As x rays scatter off a crystalline sample, detectors measure their intensity but are unable to measure their phase information. But both intensity and phase are necessary for x-ray diffractometry to reconstruct the position of each atom in such samples. The phase problem in x-ray crystallography does have some partial solutions, which have made the experimental technique spectacularly successful in condensed-matter physics and biophysics.
Each of the solutions, however, has certain limitations. For direct methods, a complete set of diffraction-peak measurements is plugged into a system of equations that estimates phases based on the probable location of electrons in the crystal lattice. The phase information can also be collected by other means, such as computational microscopy (see the article by Manuel Guizar-Sicairos and Pierre Thibault, Physics Today, September 2021, page 42). But they all need lots of high-resolution data and often require crystallographers to painstakingly grow high-quality samples. That’s true even for molecules that are smaller than proteins, the typical targets of x-ray crystallography.

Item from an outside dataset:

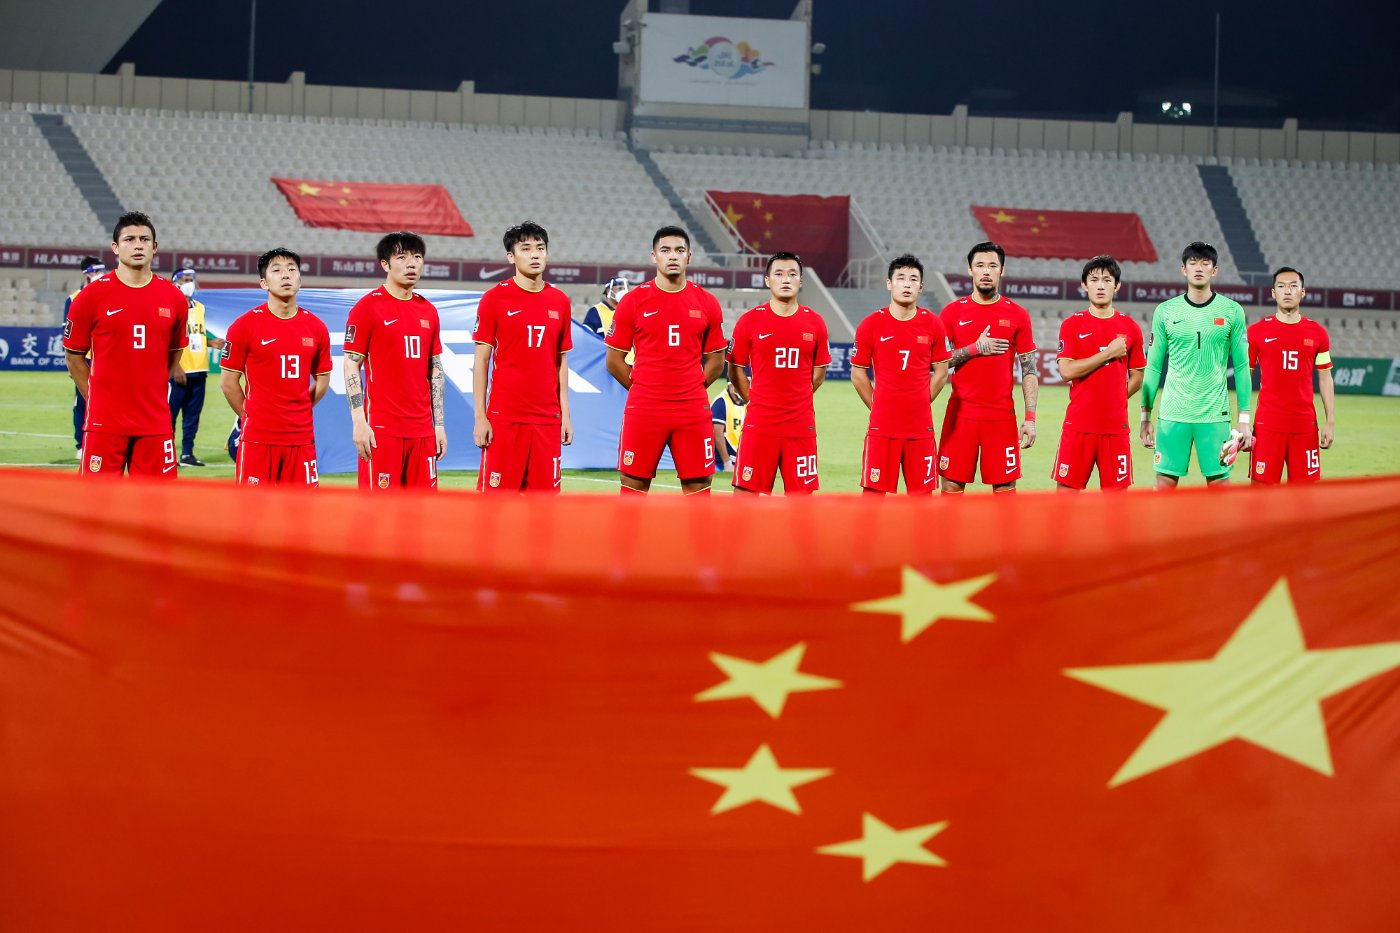 Hiệp hội Bóng đá Trung Quốc (CFA) lên phương án lựa chọn sân vận động ở Macau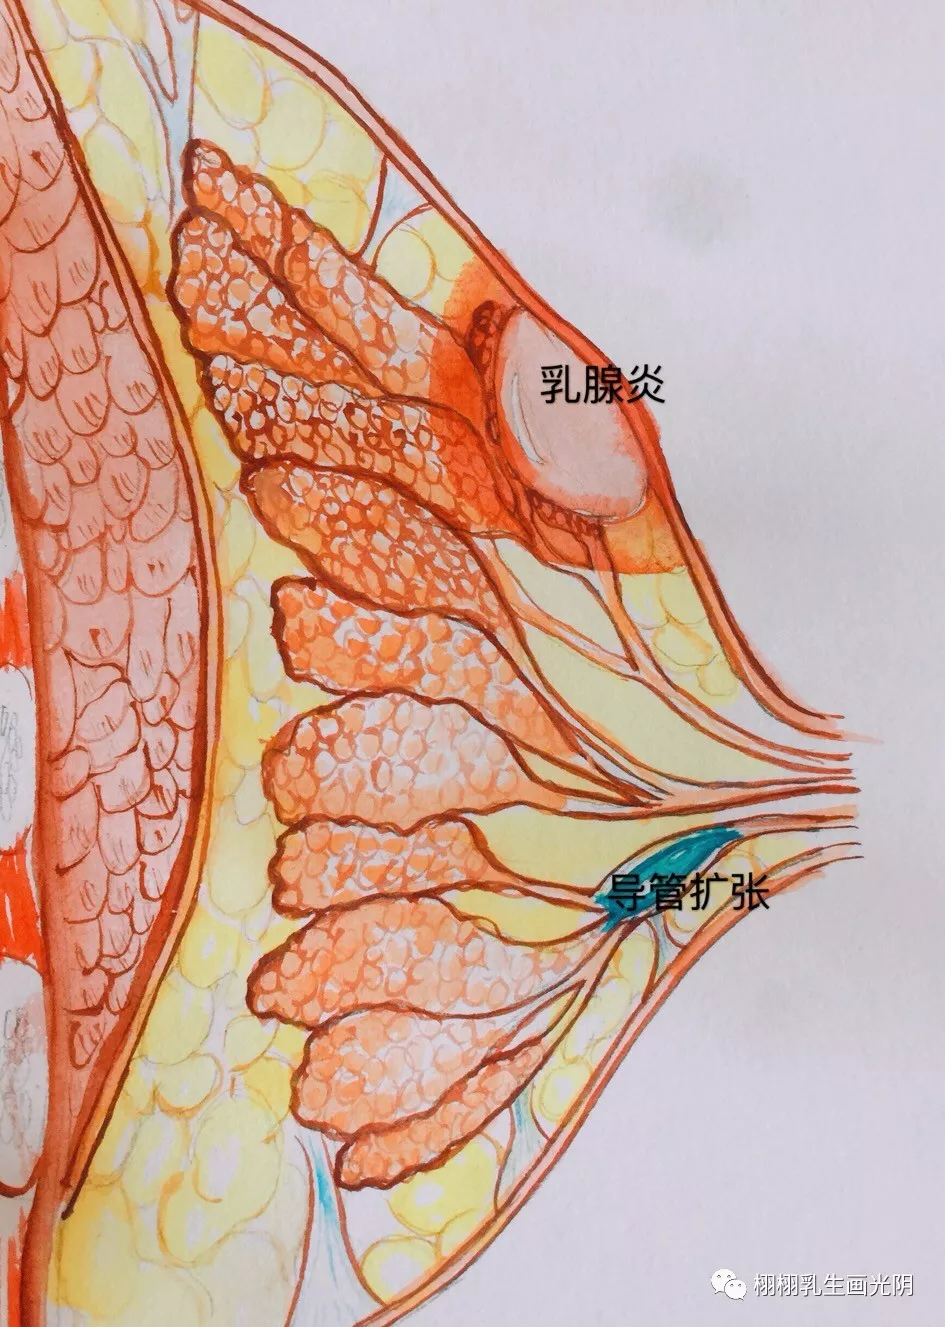 乳腺导管扩张: 又叫粉刺样乳腺炎,有的是因为乳头内陷,藏污纳垢引起

Now Anders Madsen and Anders Larsen of the University of Copenhagen and Toms Rekis of Goethe University Frankfort in Germany report that a deep-learning algorithm can determine the crystal structure of various molecules with up to about 50 atoms. Despite working with just 10–20% of the data that are typically required for direct methods, the artificial intelligence (AI) approach generated crisp electron-density maps of a sample’s structure.
Madsen and colleagues trained the AI algorithm with 49 million chemical crystal structures that they artificially generated. Then they tested the algorithm against 2300 real chemical structures that they obtained from the Cambridge Structural Database, an archive of more than 1.25 million 3D crystal structures determined by x-ray diffraction and neutron diffraction. For their proof of principle, the researchers chose molecular crystal structures that have a length scale of about 10 Å and fall into one of the relatively simple space groups, which describe the packing symmetry of a crystal’s molecules. The first results were successful: The algorithm produced phase values and correctly identified the 3D structure for each of the 2300 test cases.
The phase problem isn’t entirely solved. Many other molecular crystal structures in different space groups have yet to be evaluated, and Madsen and his team are testing the algorithm’s effectiveness for more complex space groups and larger crystal sizes. Existing AI tools, such as AlphaFold, are already making exquisite predictions of proteins’ 3D structures (see Physics Today, October 2021, page 14); Madsen and colleagues’ algorithm fills a complementary niche for smaller molecules that are difficult to crystallize or for weakly scattering crystals that are unable to yield better than low-resolution diffraction data sets. (A. S. Larsen, T. Rekis, A. Ø. Madsen, Science 385, 522, 2024.)